El lado oscuro de Rusia
Los comicios de 2008 serán clave para salvar o liquidar la democracia
Desde el punto de vista de la confianza mutua, el caso del envenenamiento con polonio radiactivo de Alexander Litvinenko es tan relevante para Occidente como la instalación en Europa de elementos del escudo antimisiles estadounidense lo es para Rusia.
El asesinato del ex espía ruso en Londres ha reavivado el miedo a que los servicios de seguridad de Moscú sigan actuando según las viejas tradiciones siniestras del KGB. El temor es reforzado por el atentado que en 2004 costó la vida al líder independentista checheno Selimján Yandarbíev en Qatar, por el que fueron condenados dos oficiales del espionaje militar ruso, extraditados después y recibidos como héroes en su país.
El asesinato de Yandarbíev gozó de amplia comprensión entre quienes apoyaban la mano dura contra el independentismo checheno, y las autoridades, conscientes de ello, no se preocuparon por guardar las formas. El caso de Litvinenko es distinto, pues difícilmente puede esperarse que los servicios de seguridad rusos, desde cuya perspectiva se justifica liquidar a un "traidor", se responsabilicen por la chapuza de haber puesto en peligro la vida de decenas de personas manipulando sustancias radiactivas de forma temeraria.
Tampoco puede esperarse que la justicia británica se pliegue a argumentos políticos y haga la vista gorda, algo que los representantes oficiales rusos se niegan a aceptar, empeñados como están en explicar las actuaciones de las instituciones occidentales o bien en función de teorías de la conjura y la conspiración contra Rusia o en función de criterios utilitarios.
'Terrorismo de Estado'
En Moscú, la sospecha de un terrorismo de Estado ruso atormenta a ciudadanos bien situados en la élite, que se preguntan cómo, en estas condiciones, es posible aunar esfuerzos con Occidente en la lucha contra el terrorismo, tal como ésta se perfilaba tras el 11 de septiembre de 2001.
Medios de la élite económica rusa vinculados con Europa temen que sus negocios con Occidente puedan verse arruinados por los sectores procedentes de los servicios de seguridad, que invocan intereses del Estado o razones patrióticas para ejercer su propia codicia.
Puestas así las cosas, las partes parecen encontrarse en un callejón sin salida. Pero existe una esperanza de recuperar la confianza y ésta reside en las elecciones presidenciales de 2008, donde se juega en gran parte el futuro de las relaciones entre Rusia y Occidente. El Kremlin, con Vladímir Putin a la cabeza, podría apoyar a un candidato que, siendo miembro de la élite actual, esté distanciado de las tradiciones siniestras y de cualquier posible actuación delictiva de los servicios secretos en el exterior. Ese candidato debería encontrar un complicado equilibrio, en el que por una parte se asegure un paulatino retorno al Estado de derecho desde una Rusia hoy rehén del autoritarismo y la arbitrariedad, y por la otra se den ciertas garantías a quienes temen represalias si ceden el control.
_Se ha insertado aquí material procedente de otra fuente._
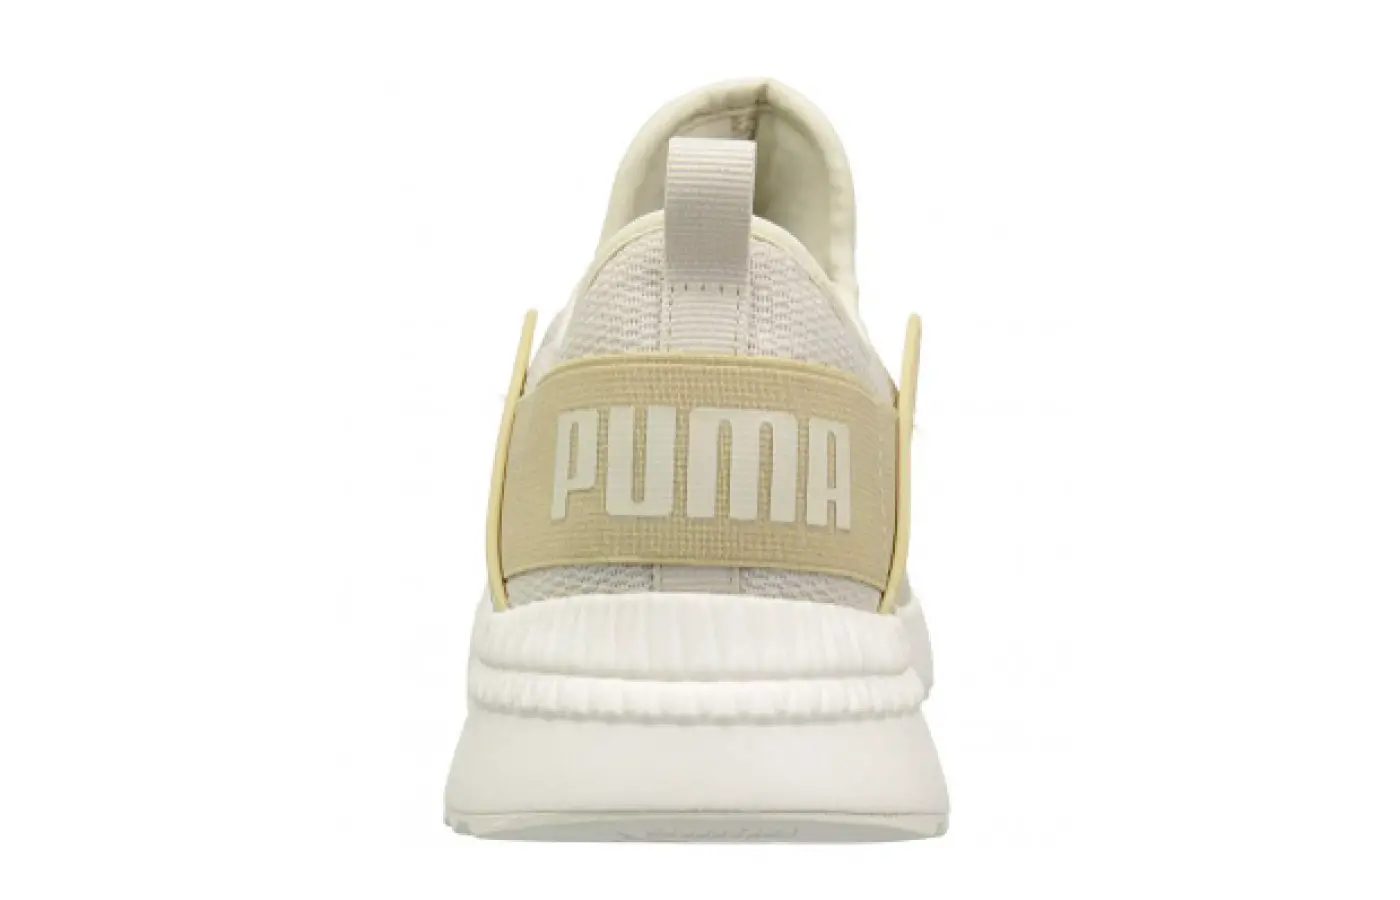 With it's easy slip-on tab, the Puma Pacer Next Cage is fast to put on.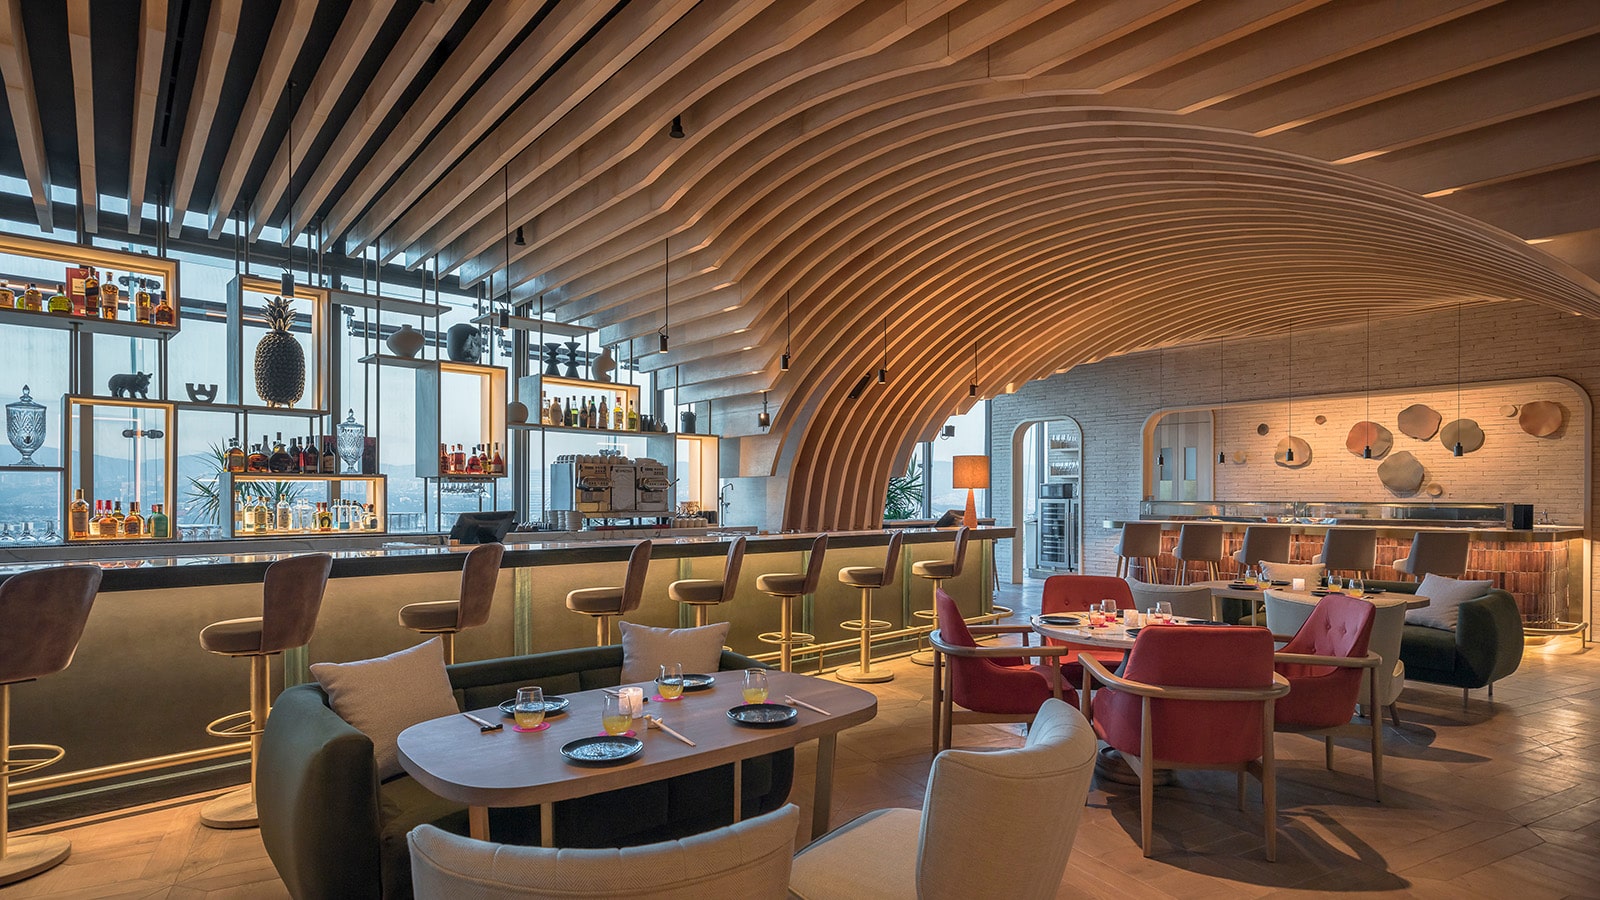 "Ling Ling Restaurant Sordo Madaleno Architecture indiaartndesign"

El miedo a que la dimensión siniestra de Rusia siga viva existe también entre los empresarios, periodistas y abogados de este país. El número de exiliados políticos rusos aumenta, y a ellos se ha sumado recientemente el abogado Borís Kuznetsov, defensor de un científico acusado de traición al Estado y de los intereses de la familia de la asesinada periodista Anna Politkóvskaya. No todos los que se van declaran públicamente sus temores; algunos lo hacen discretamente, con algún pretexto, esperando volver cuando se sientan más seguros en su propio país.
Si la señal de una nueva transición hacia el Estado de derecho no se produce en Rusia, la desconfianza hacia sus dirigentes seguirá agravándose y cabe incluso esperar el comienzo de una nueva guerra fría. Esta perspectiva no conviene ni a los europeos ni a los rusos que verdaderamente desean colaborar entre sí. Una Rusia liberada de la dimensión siniestra de su historia es atractiva para Europa, y sus empresarios pueden hacer grandes negocios sin el miedo que ahora les atenaza.